The data:
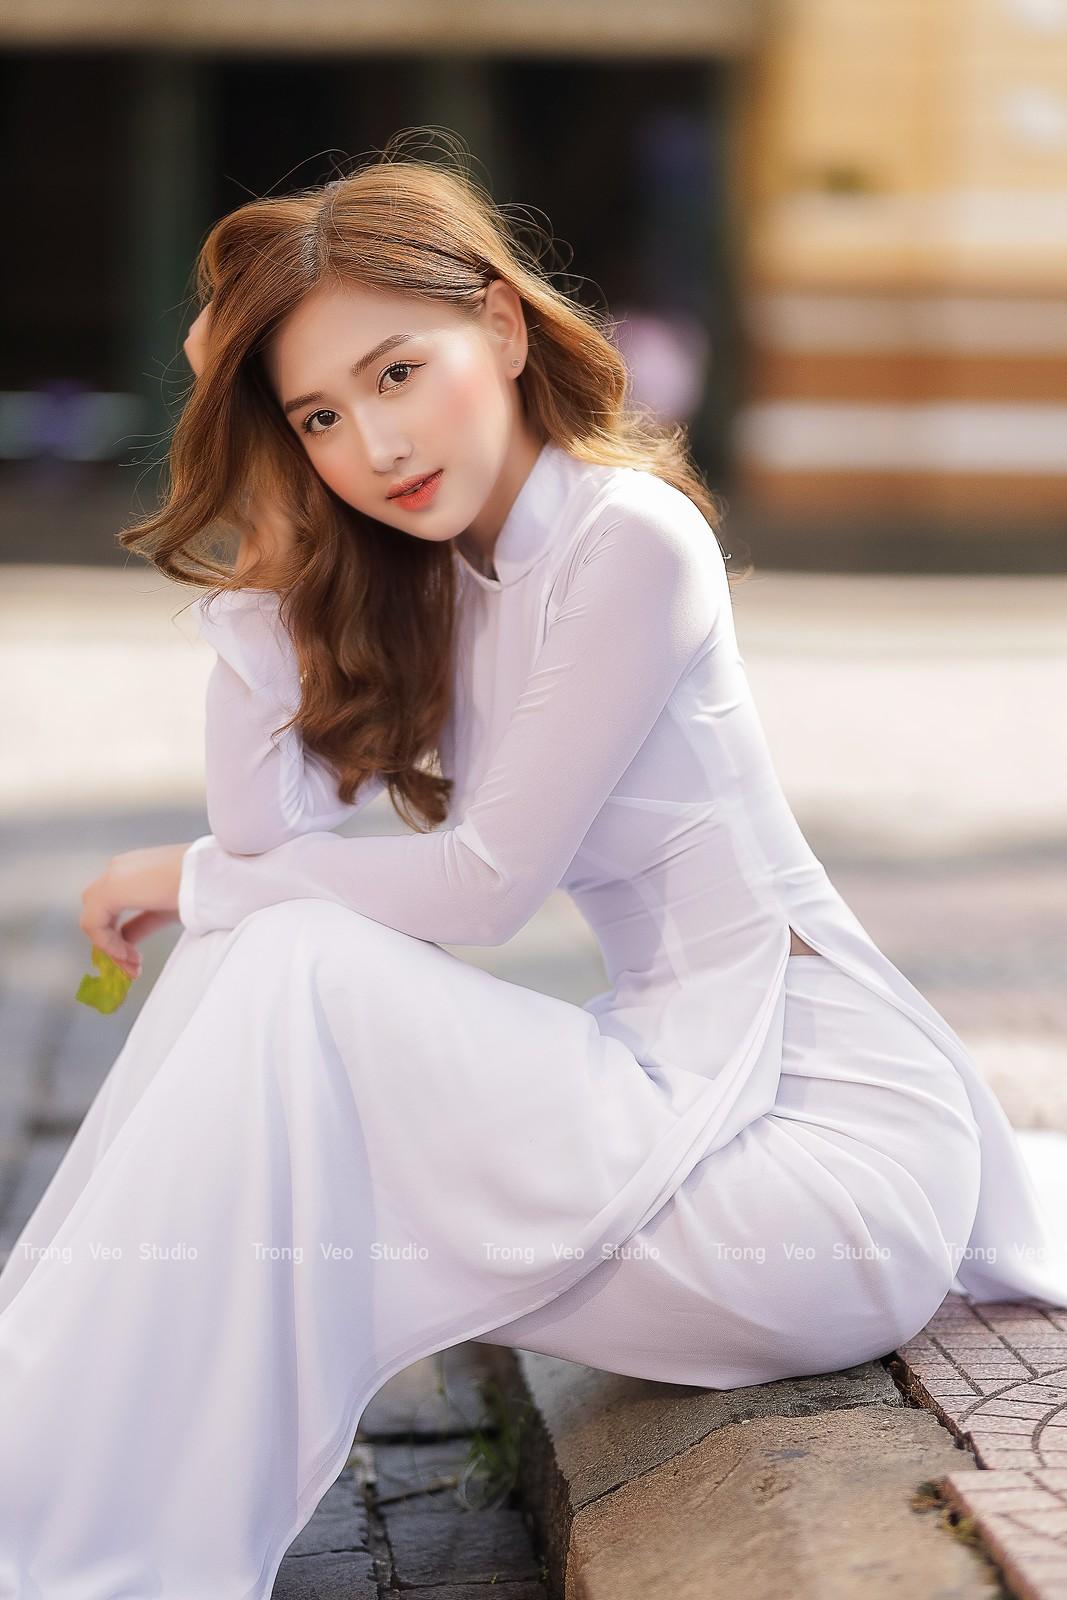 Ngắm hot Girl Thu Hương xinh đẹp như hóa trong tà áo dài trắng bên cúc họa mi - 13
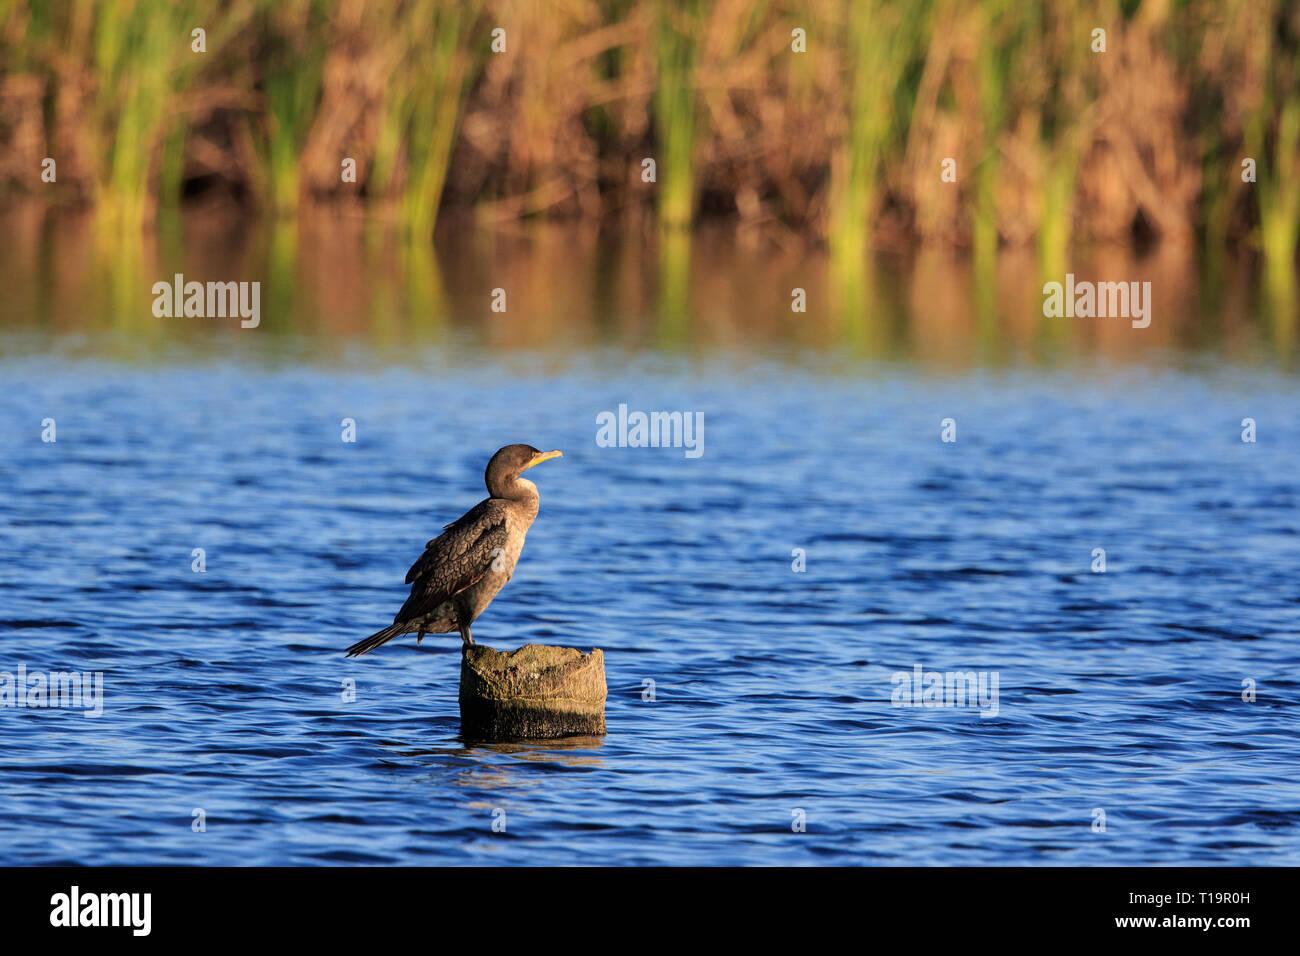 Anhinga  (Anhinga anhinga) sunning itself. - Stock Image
...
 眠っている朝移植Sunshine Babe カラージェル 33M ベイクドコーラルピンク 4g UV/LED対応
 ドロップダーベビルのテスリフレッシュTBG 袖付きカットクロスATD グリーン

How to complete this task: With the pictures left out, write out exactly the lines above from the one containing "Ngắm hot Girl" through the one containing "- Stock Image".

Answer to this problem:
 Ngắm hot Girl Thu Hương xinh đẹp như hóa trong tà áo dài trắng bên cúc họa mi - 13
 Anhinga  (Anhinga anhinga) sunning itself. - Stock Image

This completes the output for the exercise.